Being Krsna conscious means we must learn to live out our lives in a way that will please the Lord. According to the Vedic teachings, this entails approaching a bona fide spiritual master and submissively inquiring from him about the science of Krsna. Such a spiritual master can engage one in bhakti-yoga, or service to Krsna, which begins with chanting the Hare Krsna mantra and following the basic regulative principles of spiritual life, namely abstinence from meat-eating, illicit sex, gambling, and intoxication. By these simple processes one can know the Lord in truth, cross over the miseries of this temporary world, and go back home, back to Godhead.
These teachings of Lord Krsna's peace formula, as explained by Srila Prabhupada and offered to everyone by the International Society for Krishna Consciousness, are admittedly simple proposals for solving a complex problem. They have been available to the Western world since 1966, but they have been largely ignored by top-level policy makers, owing to our modern society's "secular" orientation. Godless politicians have not been able to afford even an experimental investigation into the application of these principles in society, and yet their own exertions seem to be offering us no relief from the dilemmas they are pledged to resolve. History has shown their attempts for peace to be nothing more than a flimsy charade of false promises.
However, the Vedic literatures themselves serve as testimony to the social efficacy of the Krsna conscious philosophy, since they were compiled at a time when the important civilizations of the world followed those principles. From the descriptions of theBhagavad-gita, the most esteemed of the Puranas (Vedic histories), we find that by acknowledging the property rights of Lord Krsna, human society was decorated by His blessings in the form of wisdom, opulence, happiness, and peace, the natural conditions of life for devotees of the Lord.
Srila Prabhupada was convinced that it is not too late for us to alter the vicious course of modern history and return to the divine shelter from which we have wandered so far away.
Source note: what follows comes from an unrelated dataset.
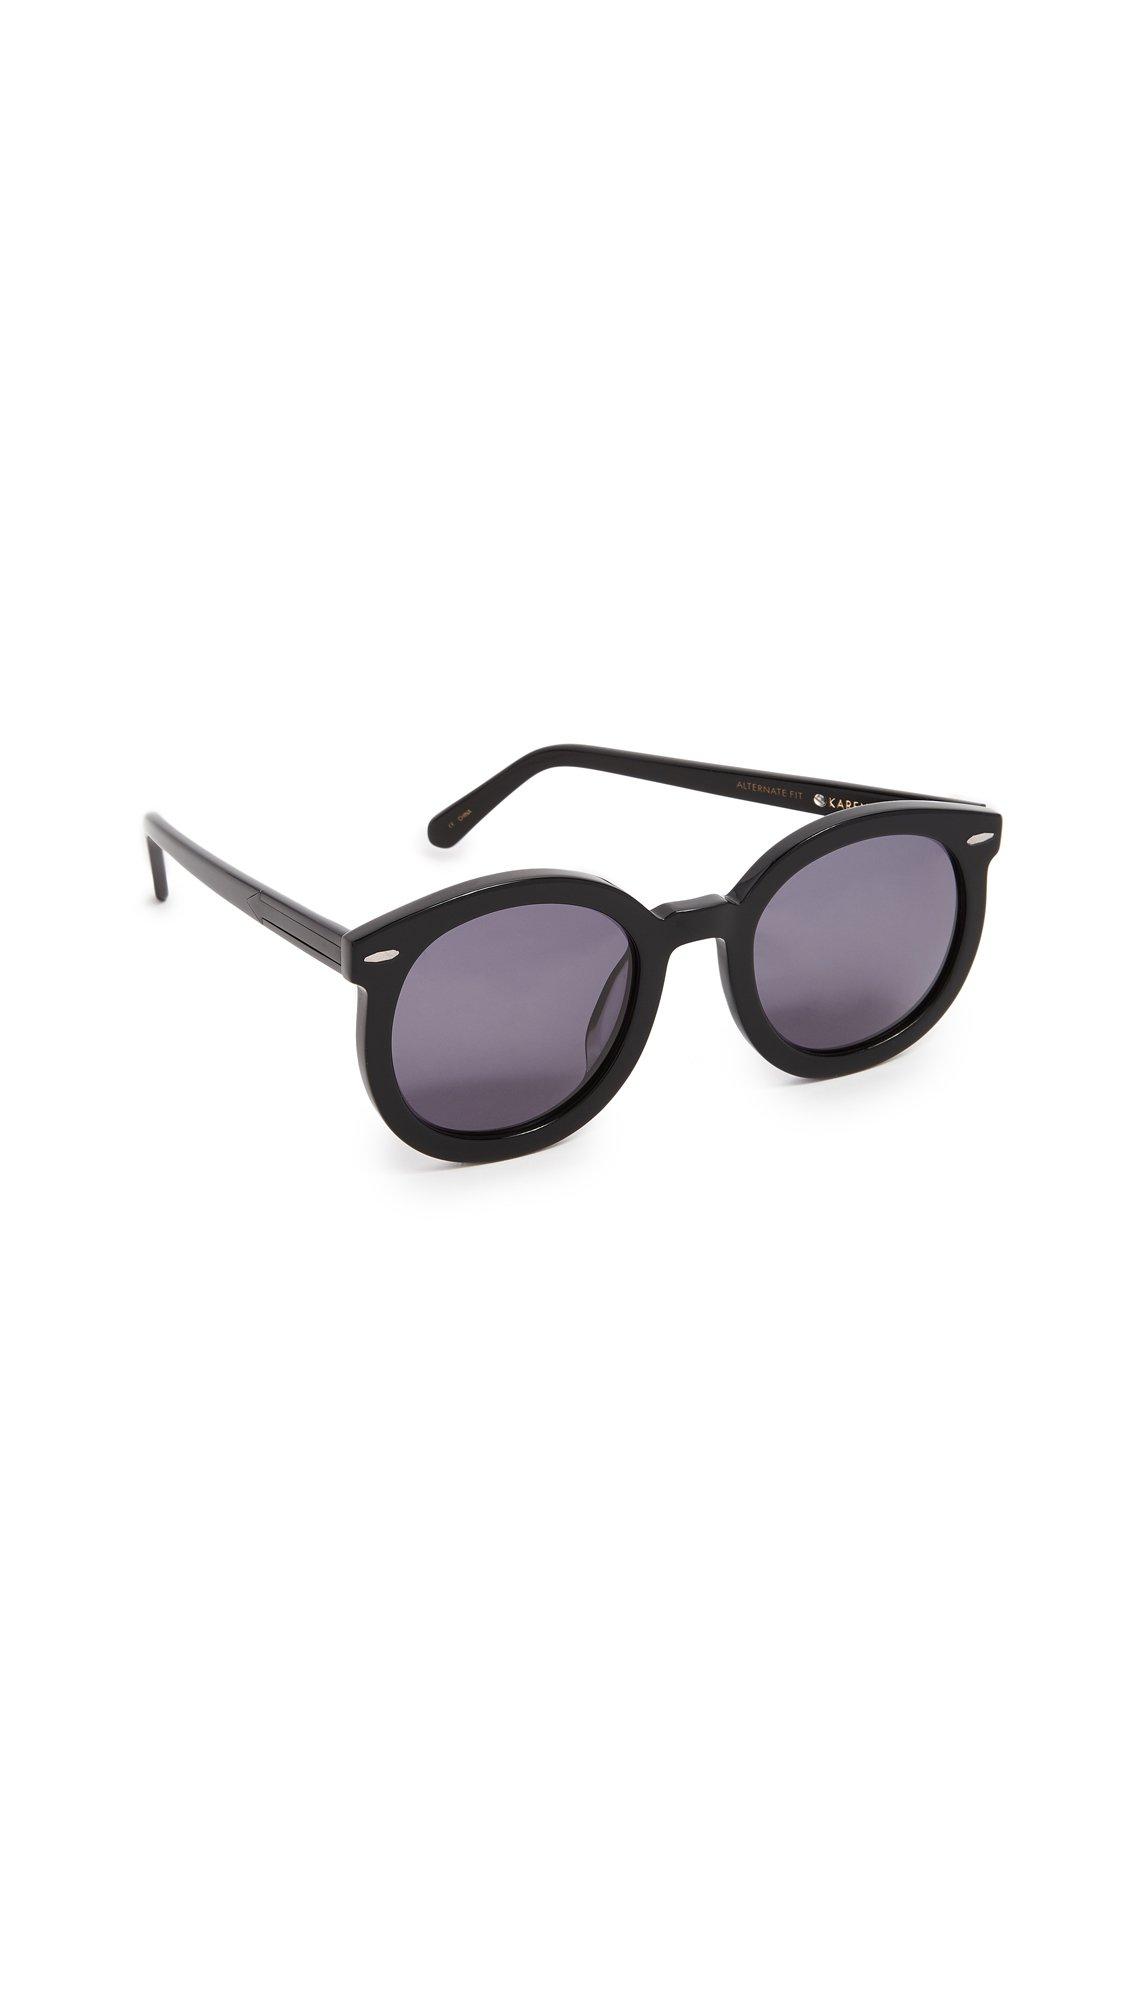 Karen Walker Women's Special Fit Super Duper Strength Sunglasses, Black/Smoke Mono, One Size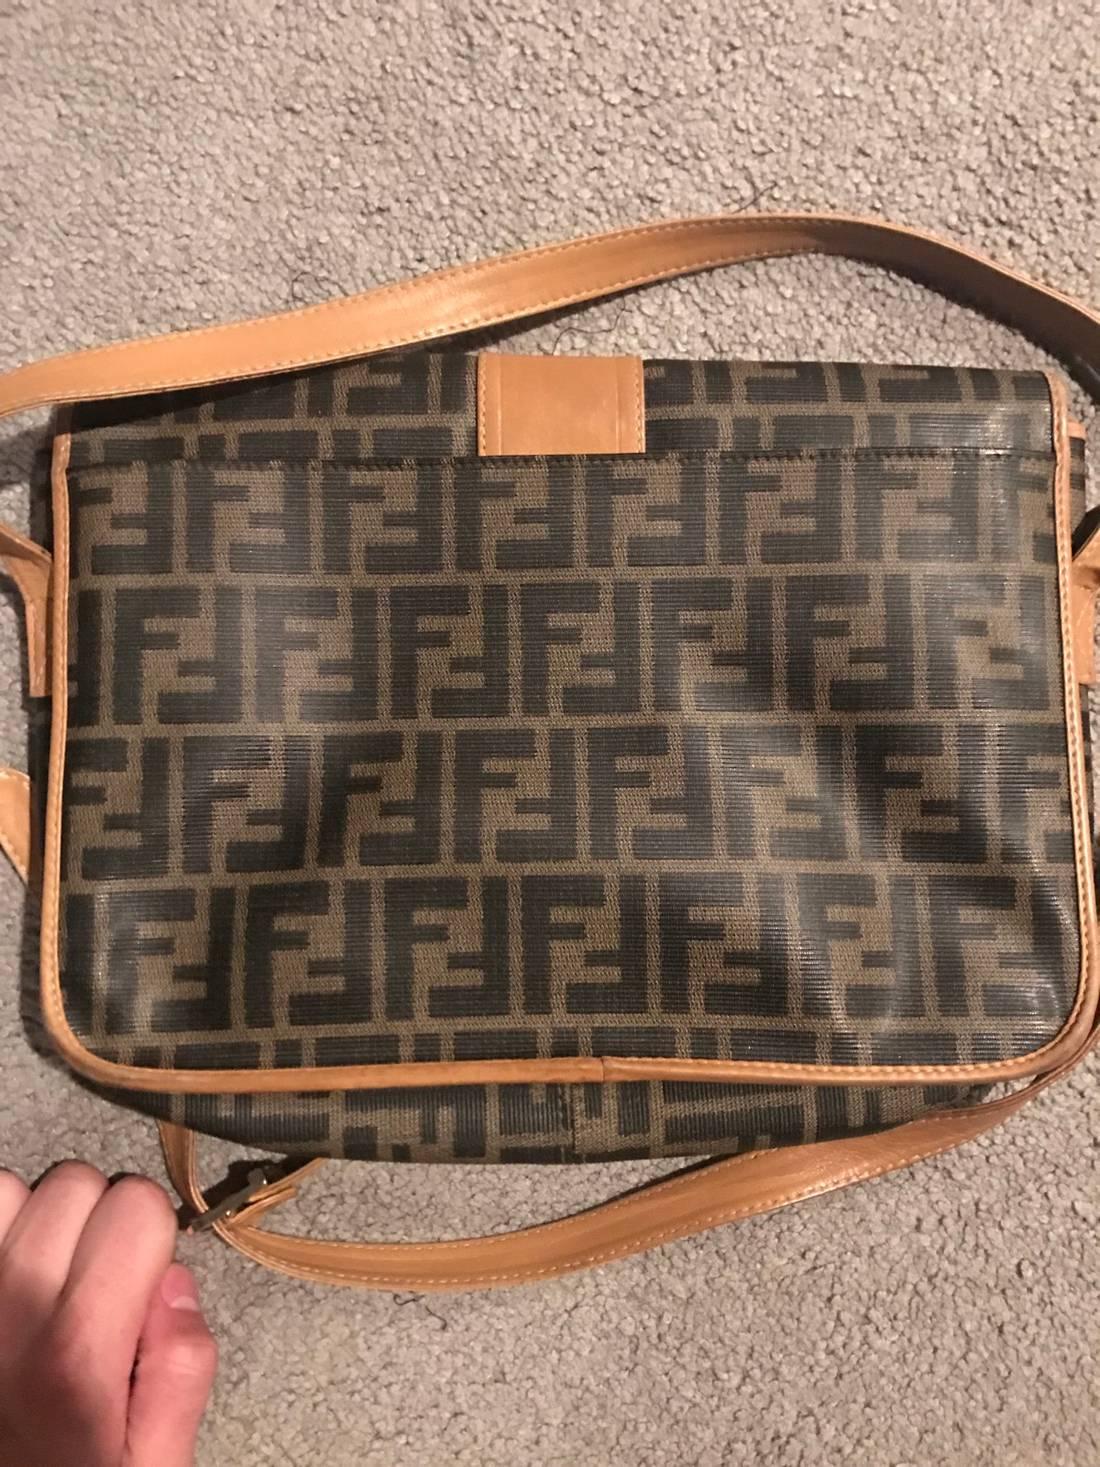 ireland fendi handbag vintage leather messenger 6c455 c76ec c643f1f344

He called modern socio-political arrangements "decorations on a dead body," because the spiritual foundations of society have long decayed. Therefore, external adjustments to the social body in the name of "detente," "coexistence," "arms limitation," or "containment" cannot check social decline, any more than cosmetics can check the gradual withering of a corpse. But by spiritual inspiration through Krsna consciousness, civilization can regain its real life and purpose. For those who recognize the futility of a godless existence of quarrel, uncertainty, and meaningless death, Srila Prabhupada's teachings are not to be lightly dismissed.